Et de préciser que «les autorités monétaires doivent, de leur côté, prévoir, en période de panique relative à la pandémie, une forte hausse de la demande sur la liquidité». A cet effet, analyse l’enseignant universitaire, «elles sont appelées à appliquer des mesures financières et bancaires pour augmenter la masse monétaire dans la période de panique, puis la réduire graduellement dans la phase d’adaptation pour revenir à son niveau initial».
Dans cette optique, il y a lieu de rappeler que la Banque d’Algérie a adopté quelques mesures monétaires et financières afin de libérer des marges supplémentaires de liquidité. Le taux de réserve obligatoire est passé de 10% à 8% et le taux directeur de la banque est abaissé de 25 points pour atteindre 3,25%. Cependant, note M. Kaci, «ces mesures n’ont pas permis d’empêcher la contraction de la masse monétaire qui a baissé de 182 milliards de dinars depuis le mois de février ». Il relève par ailleurs la présence d’un secteur informel significatif et d’un marché parallèle important qui constituent «une source de vulnérabilité et imposent à l’Etat une adaptation de ses actions anticrises à cette réalité». Cette adaptation passe d’abord par «une évaluation précise de l’impact de la présence de ce secteur sur la dynamique du secteur productif et aussi sur l’équilibre des marchés.

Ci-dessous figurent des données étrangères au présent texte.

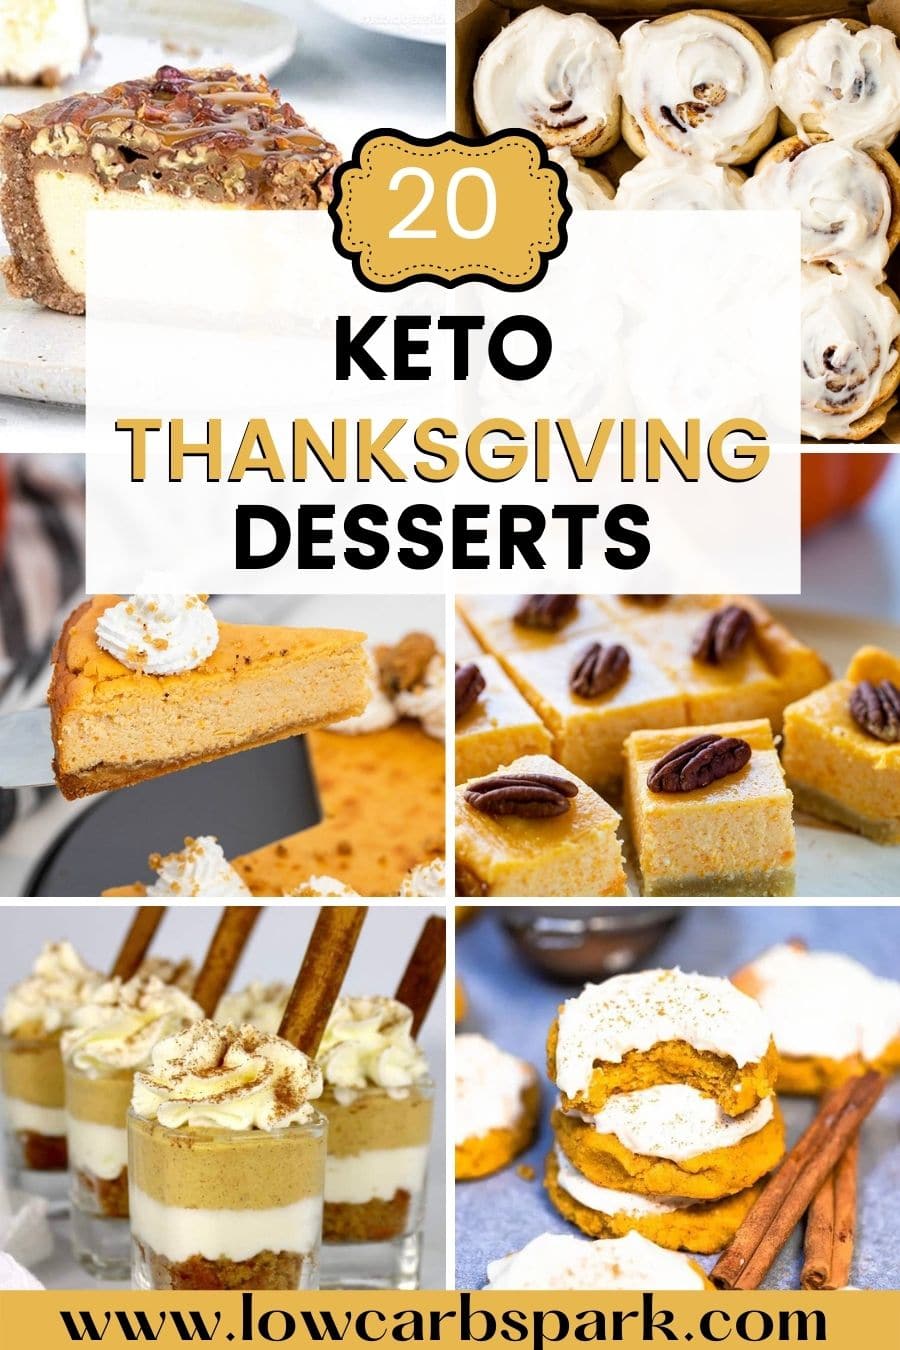 20+ Keto Thanksgiving Desserts Recipes - Festive Low Carb Desserts

Puis, l’identification des canaux de transmission de l’action publique vers ce secteur est nécessaire pour soutenir la main d’œuvre vulnérable qui y exerce en période de crise (à court terme), et pour définir un plan de régularisation de ce secteur et de réduction de sa taille (à long terme)».
Une «adaptation fiscale» à la situation de la pandémie, analyse M. Kaci, doit être prise en compte «notamment au profit des industries manufacturières qui sont touchées par les mesures de confinement et la baisse drastique de leurs profits suite à la chute des ventes. A cet effet, un plan post-pandémique doit être établi pour assister les industriels touchés par la pandémie à reprendre leurs activités.